国や都道府県が設置する公的な機関になり、全国で20施設設置されています。
地域活動支援センター
地域活動支援センターとは、障害者が通所により、創作的活動または、生産活動の機会を提供することにより、社会との交流の促進等の便宜を供与し、もって障害者等地域生活支援と社会参加の促進を図るという定義のもと設置されている通所施設になります。
障害者自立支援法に基づいた市町村・都道府県が行う事業の一つです。
障害によって働く事が困難な障害者の日中の活動をサポートする福祉施設であり、その目的によってⅠ型、Ⅱ型、Ⅲ型に分かれます。
就労移行支援事業所
“就労移行支援事業所”とは、障害を有する人が一般企業からの雇用につながるように支援する“障害者総合支援法”という法律に基づく通所型の就労支援サービスになります。
就労継続支援A型
“就労継続支援A型”は、障害を有する人が、一般企業からの雇用が困難であるが、雇用契約に基づく就労が可能な人に対して行う就労支援サービスのひとつです。

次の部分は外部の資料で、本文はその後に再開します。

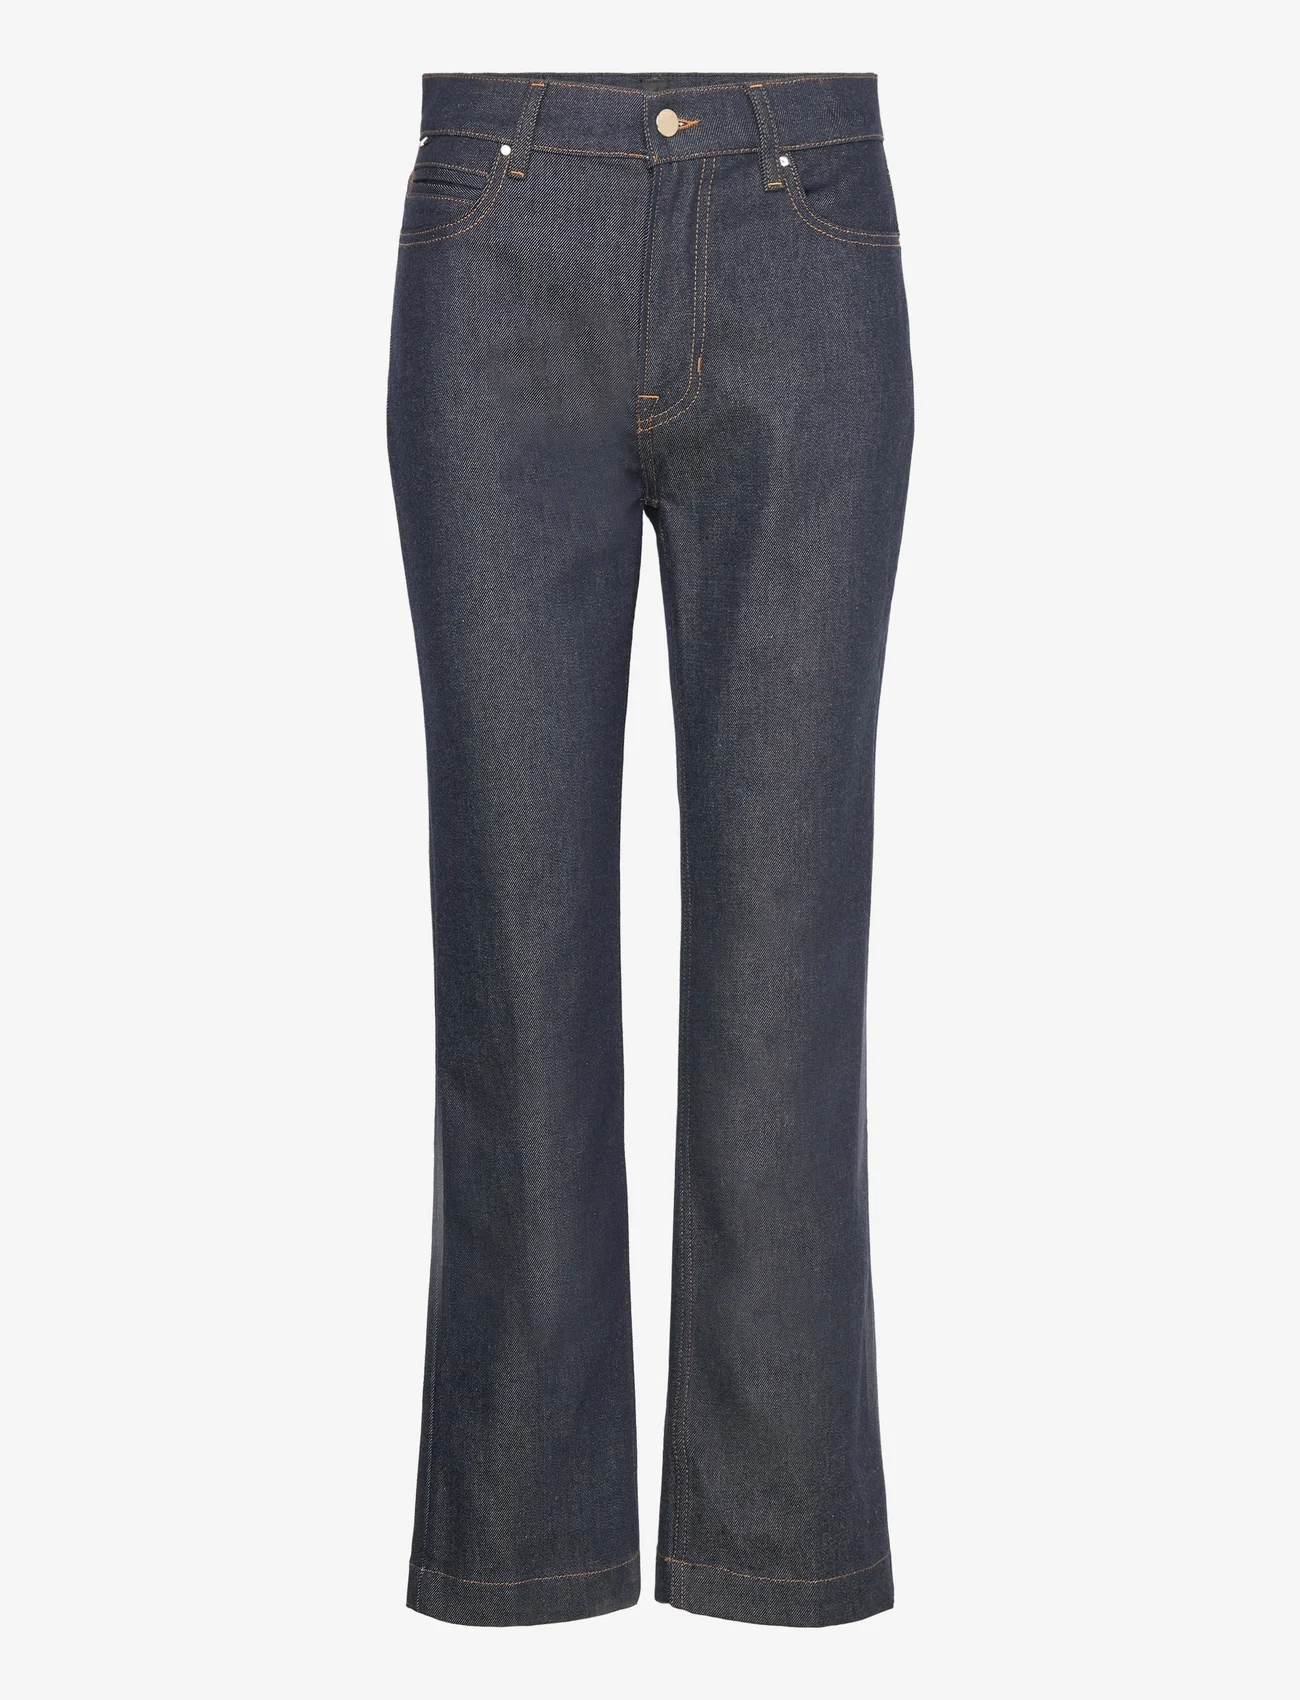 BOSS - ADA HR - straight jeans - blue - 0

事業所と利用者の間に雇用契約が交わされているため、社会保険への加入も義務付けているのが特徴とも言えます。
就労継続支援B型
“就労継続支援B型”とは、一般企業に雇用されるのが難しく、かつ雇用契約による就労が困難な障害を有する人に就労機会を提供し、生産活動を通じて知識や能力の向上に必要な訓練といった障害福祉サービスを提供することを目的としている施設になり、一昔前までは「福祉工場」とよばれていた施設が該当します。
まとめ
本記事では、就労支援、職業リハに関わる施設や事業所、サービスについて解説しました。
案外、「こんなの知らなかった!」なんて施設、あったのではないでしょうか?
就労支援を行うにも、作業療法士など支援する側には圧倒的な知識が求められます。
協力を仰げる施設や利用できそうなサービスはどんなものがあるのかを知り、さらにどう連携をしていくのか検討していくことが、スムーズな切れ目のない支援につながる…と言えます。